As I thought about the above synchronistic event, an event in my own life took on new meaning. Recently I read an article in the Los Altos Town Crier about the oldest businesses in town. One was the Yamane Jeweler, a family business established in 1950. Then my gold Waltham wristwatch, given to me in 1948 by my parents, broke. Although I had never visited their store, I took it to the Yamane Jeweler. My watch needed major repairs including replacement of rusted parts. The son of the original owner wasn't sure that he could still obtain replacement parts.

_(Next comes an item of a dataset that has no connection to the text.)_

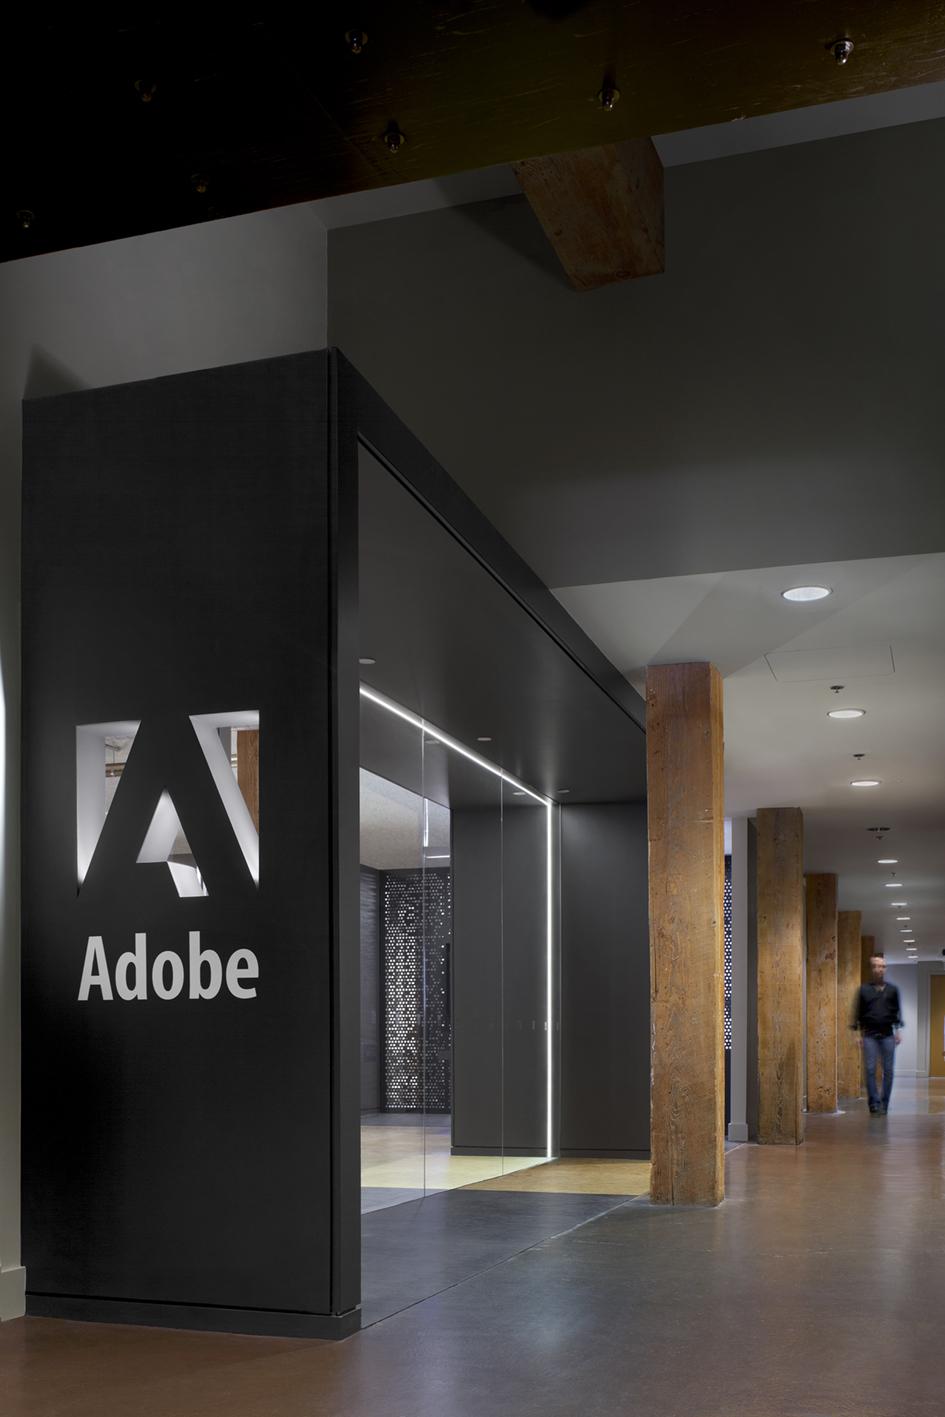 Adobe 410 Townsend

Then I received a call, he had found an old Waltham wristwatch in a box of watches his father had kept for 50 years when people did not pick them up. He wanted me to come to the store. When I looked at the watch, it was identical to mine -- engraved to G.A. Jennings, Xmas 1947. The son said that after his father retired, he had gone through the box of old watches, and when he saw my watch he remembered having seen one similar in the box. Using parts from this second watch, my watch was repaired and now runs perfectly.
What are the odds that I would read about an unfamiliar watch store shortly before my watch breaks, then go to that store where years before someone had brought in and never picked up an identical watch purchased six months before mine, that during the intervening years the watch had been saved by the owner, that the son of the owner remembers the discarded watch, that it had the parts in good condition necessary to fix my watch, and that a college classmate would suddenly send me an article that made me rethink the meaning of the synchronistic event and therefore write this editorial. Our links to the past appear to be more than our DNA or the archeology and history that we absorb through books and the media. Could there be a unity and connectiveness of all humans across both space and time? Are linkages to the past continually operating in the background of our lives? Was my intention in the present altering past events? Were my deceased parents helping me? Are these effects mediated divinely? What factors enhance the strength and one's awareness of this linkage to the past? Let me know what you think.